When the S. miltiorrhiza extract of the present invention is used as a cosmetic raw material, the S. miltiorrhiza extract may be added as it is, may be used in combination with other cosmetic ingredients, or may be appropriately used in accordance with conventional methods. The content of the active ingredient can be suitably determined according to the purpose of use thereof. In general, in the preparation of cosmetics using the S. miltiorrhiza extract, the active ingredient may be added in an amount of 0.0001 to 10% by weight, preferably 0.1 to 5% by weight, based on the total raw material weight. Cosmetics may be applied to skin water, lotion, creams, packs and make-up products, but are not limited thereto.

Although preparation examples have been disclosed, they are provided only for illustrative purposes rather than to limit the scope of the present invention. Those skilled in the art will appreciate that various modifications, additions and substitutions are possible, without departing from the scope and spirit of the invention as disclosed in the accompanying claims.

Claims

1. A composition for preventing, ameliorating or treating visceral fat obesity containing a Salvia miltiorrhiza radix extract.

2. The composition according to claim 1, wherein the Salvia miltiorrhiza radix extract is extracted with any one solvent selected from the group consisting of water, alcohols having 1 to 6 carbon atoms and a mixed solvent thereof.

3. The composition according to claim 1, wherein the Salvia miltiorrhiza radix extract inhibits production of triglycerides (TGs) in liver tissue and blood, and reduces expression of alanine aminotransferase (ALT), glutamic pyruvate transaminase (GPT), lactate dehydrogenase (LDH), blood urea nitrogen (BUN), free fatty acid (FFA) or glycosylated Hb (HbA1C) when administered to high fat diet-induced obesity (DIO) mice.

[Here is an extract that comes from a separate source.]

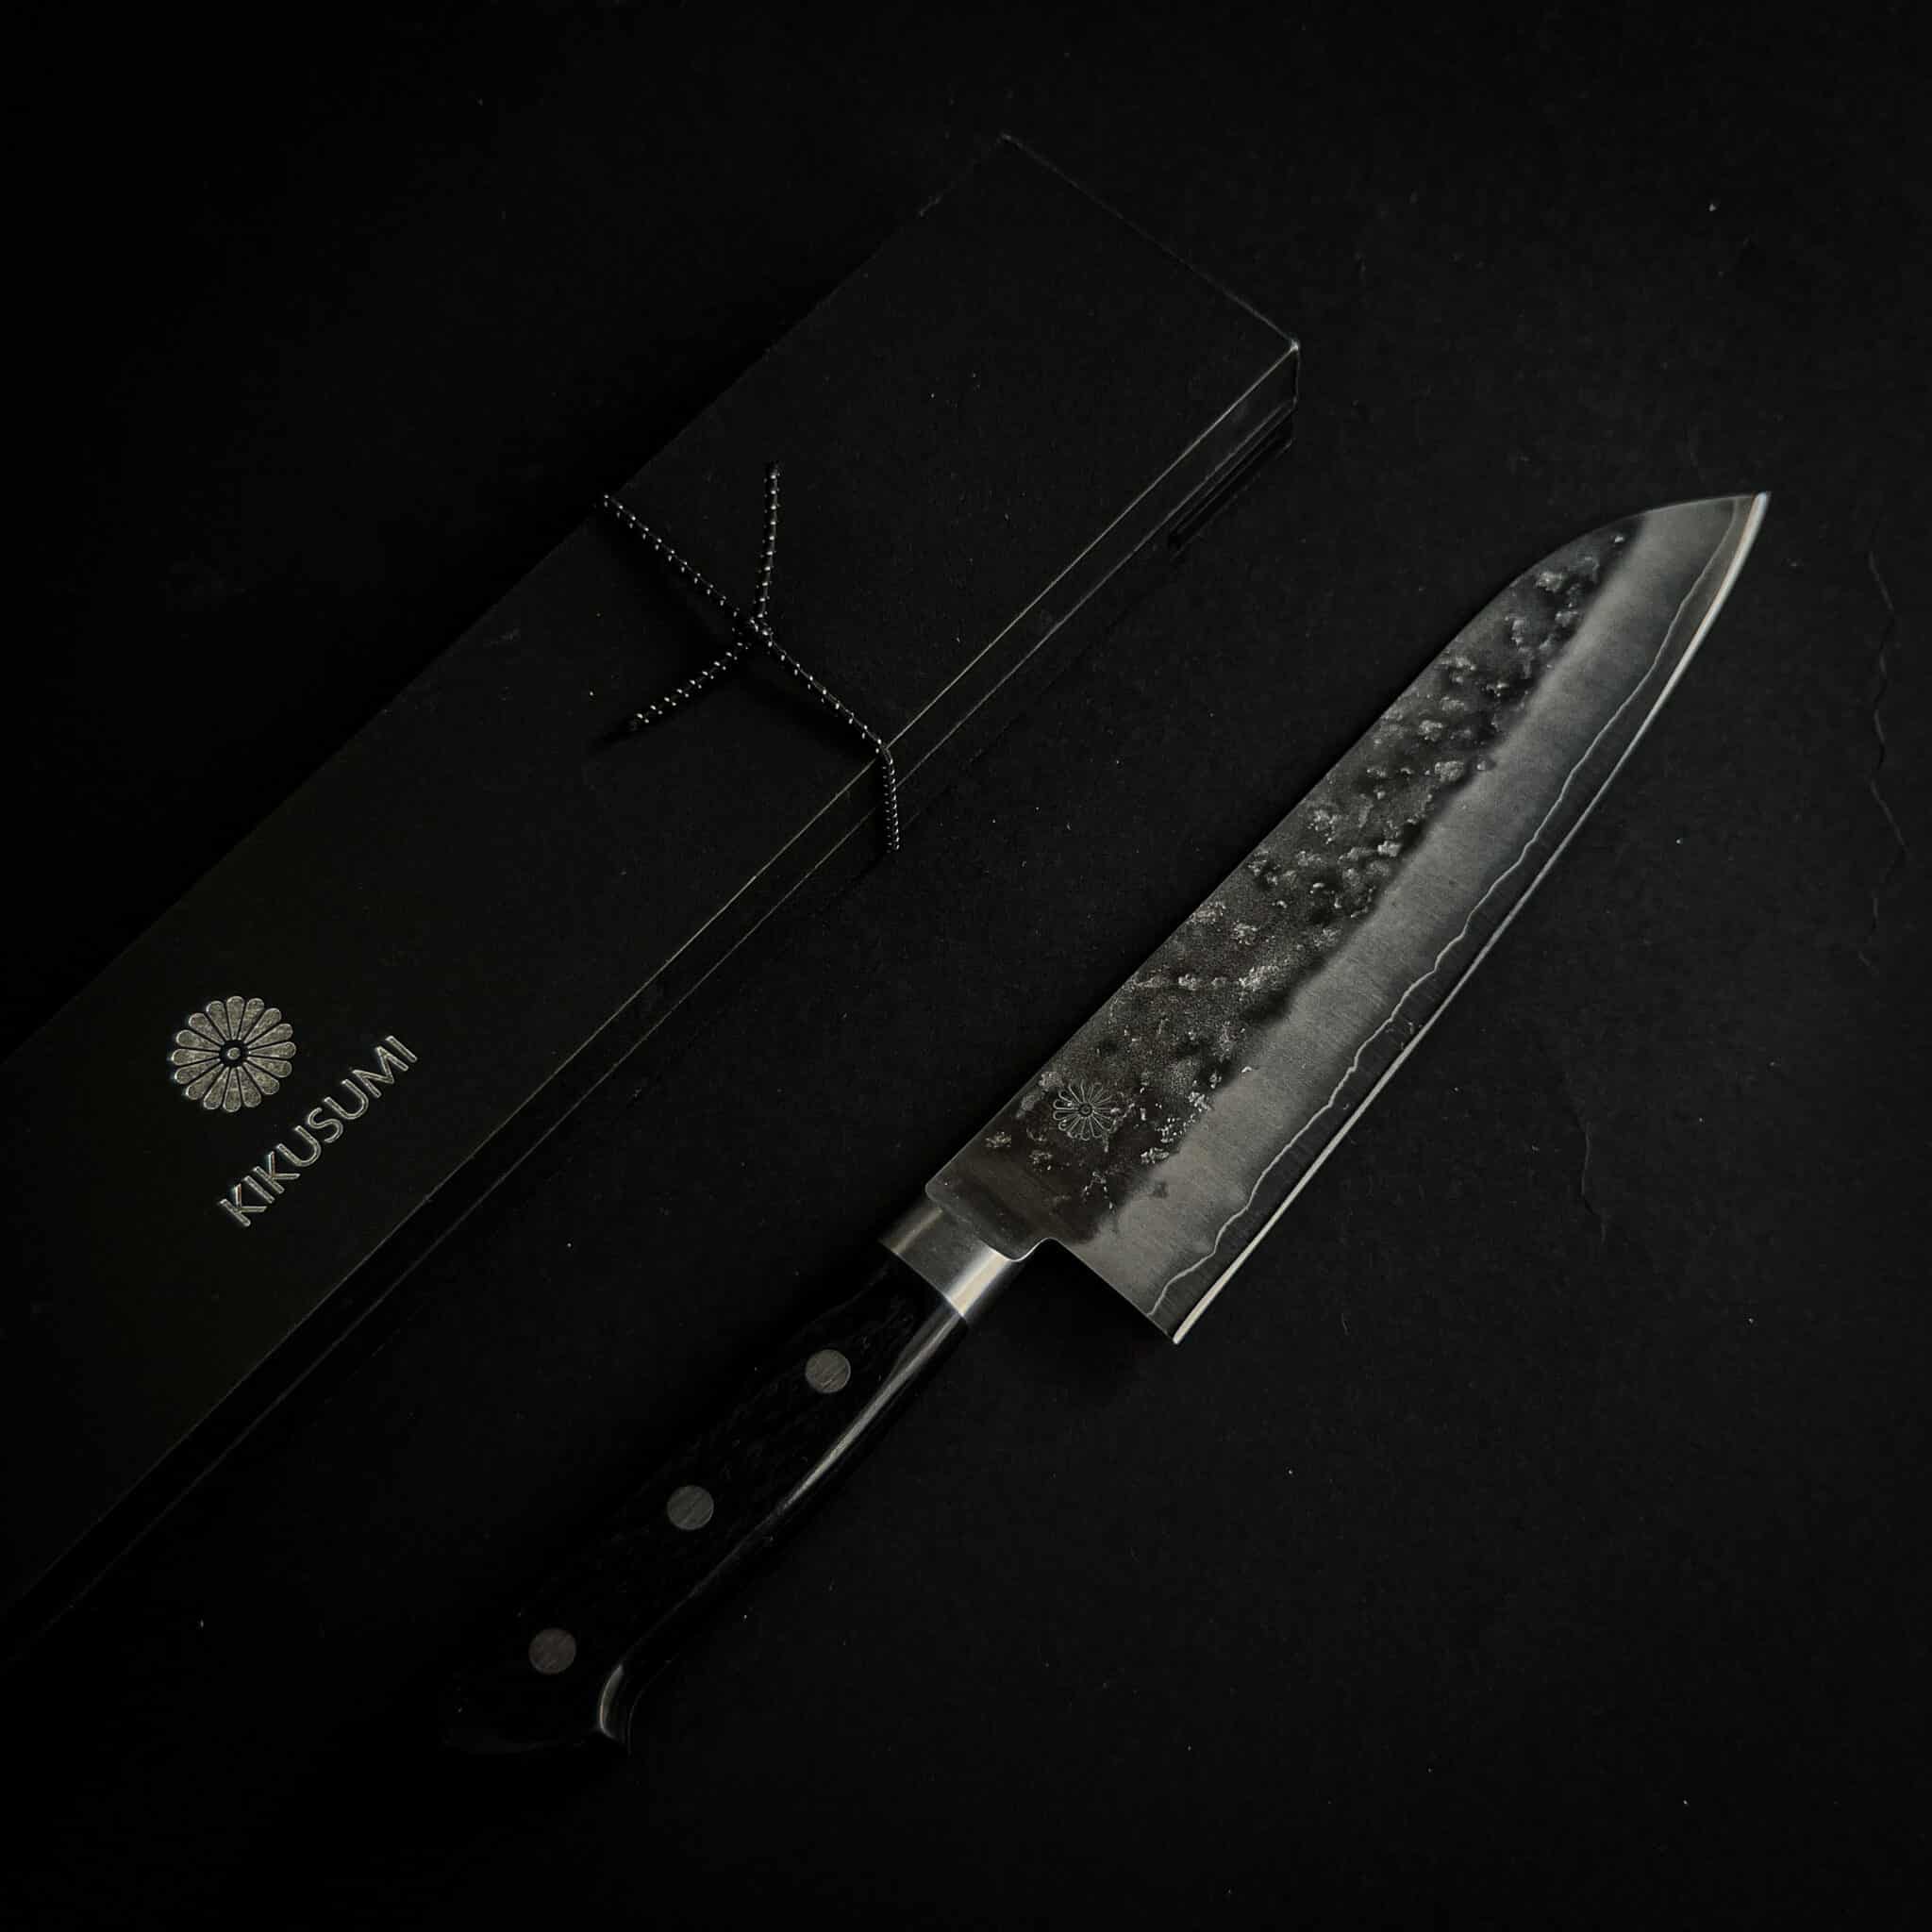 Shadow Black Kitchen Knives

4. The composition according to claim 1, wherein the Salvia miltiorrhiza radix extract causes visceral fat reduction and fat loss in liver tissue as observed through magnetic resonance imaging (MRI) and magnetic resonance spectroscopy (MRS) of fat and oil red O staining of liver tissue.

5. The composition according to claim 1, wherein the composition comprises a mixture of the Salvia miltiorrhiza radix extract and at least one mineral selected from chromium, manganese, magnesium, zinc, copper or calcium.

6. The composition according to claim 5, wherein the mineral comprises mineral diaminate or a mineral amino acid salt as a mineral source.

7. The composition according to claim 1, wherein the Salvia miltiorrhiza radix extract prevents, alleviates or treats a disease mediated by visceral fat selected from the group consisting of hypertriglyceridemia, fatty liver, hypertension, diabetes, hyperlipidemia, cardiocerebrovascular disease, abnormal glucose metabolism, abnormal blood coagulation or obesity.

8. A heath functional food composition for preventing or ameliorating visceral fat obesity containing a Salvia miltiorrhiza radix extract as an active ingredient.

9. The heath functional food composition according to claim 8, wherein the heath functional food composition contains the Salvia miltiorrhiza radix extract in an amount of 0.1 to 50% by weight.

10. A cosmetic composition comprising a Salvia miltiorrhiza radix extract as an active ingredient.

11. The composition according to claim 2, wherein the Salvia miltiorrhiza radix extract inhibits production of triglycerides (TGs) in liver tissue and blood, and reduces expression of alanine aminotransferase (ALT), glutamic pyruvate transaminase (GPT), lactate dehydrogenase (LDH), blood urea nitrogen (BUN), free fatty acid (FFA) or glycosylated Hb (HbA1C) when administered to high fat diet-induced obesity (DIO) mice.

12. The composition according to claim 2, wherein the Salvia miltiorrhiza radix extract causes visceral fat reduction and fat loss in liver tissue as observed through magnetic resonance imaging (MRI) and magnetic resonance spectroscopy (MRS) of fat and oil red O staining of liver tissue.